Use the property of logarithm `log a - log b = log(a/b)`
`log_3 9 - log_3 2 = log_3 x`
`log_3 (9/2) = log_3 x`
`log_3 4.5 = log_3 x`
Now just equate the terms of which the base is being taken on both the sides.
This gives the solution of the equation as x = 4.5. There is no need to do anything else.
We have to find x for log 3 9 - log 3 2 = log 3 x
Now for logarithms we have the relations that log (a*b) = log a + log b and log (a/b) = log a - log b.
Now log 3 9 - log 3 2 = log 3 x
=> log 3 ( 9/2) = log 3 x
raising both sides to the power 3
=> 9/2 = x
We also see that x = 9/2 is a positive number as hence satisfies the condition that logarithms can be taken only of positive numbers.
Therefore x = 9/2
For the logarithm to exist, x has to be positive.
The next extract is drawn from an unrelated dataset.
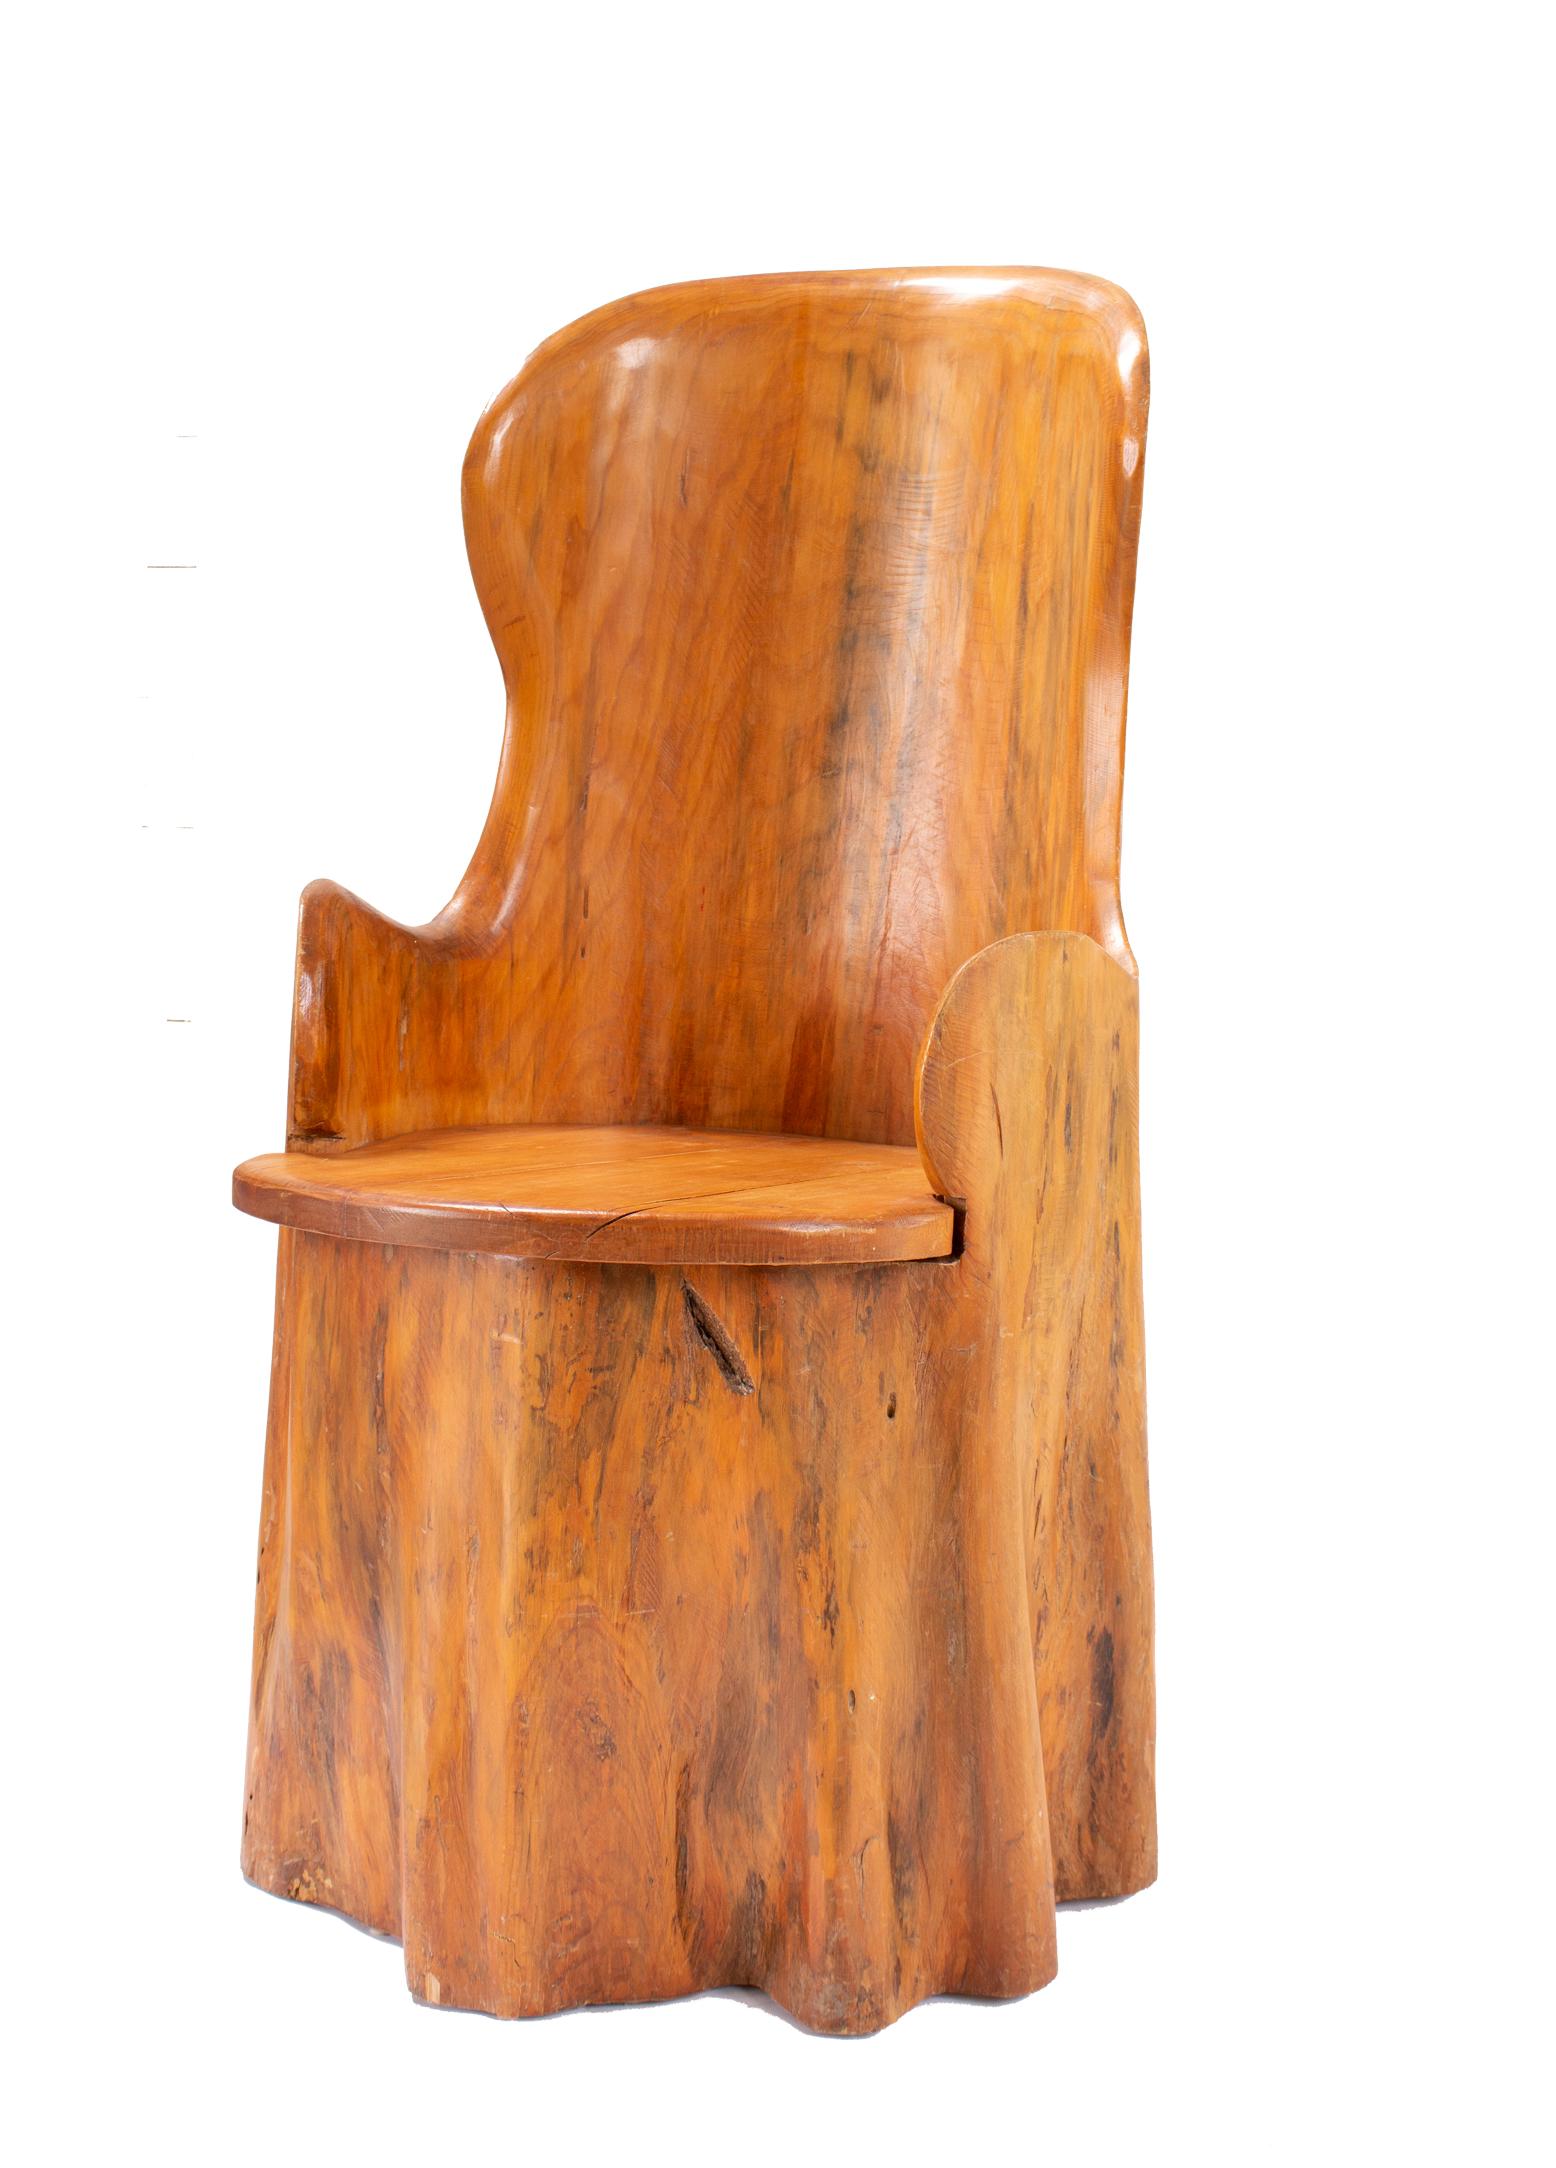 Scandinavian wooden barrel chair made in the 19th century. A circular, beautifully wooden chair with patina and soft edges hollowed out from a naturally formed tree trunk. It has an organic, natural shape almost like a draped cloth. The appearance

log 3 (x) = log 3 (3)^2 - log 3 (2)
Because the bases are matching, we'll transform the difference of logarithms from the right side, into a quotient. We'll apply the formula:
lg a - lg b = lg (a/b)
We'll substitute a by 9 and b by 2. The logarithms from formula are decimal logarithms. We notice that the base of logarithm is 3.
log 3 (x) = log 3 (9/2)
Because the bases are matching, we'll apply the one to one property:
x = 9/2
x = 4.5
Since the value of x is positive, the solution of the equation is valid.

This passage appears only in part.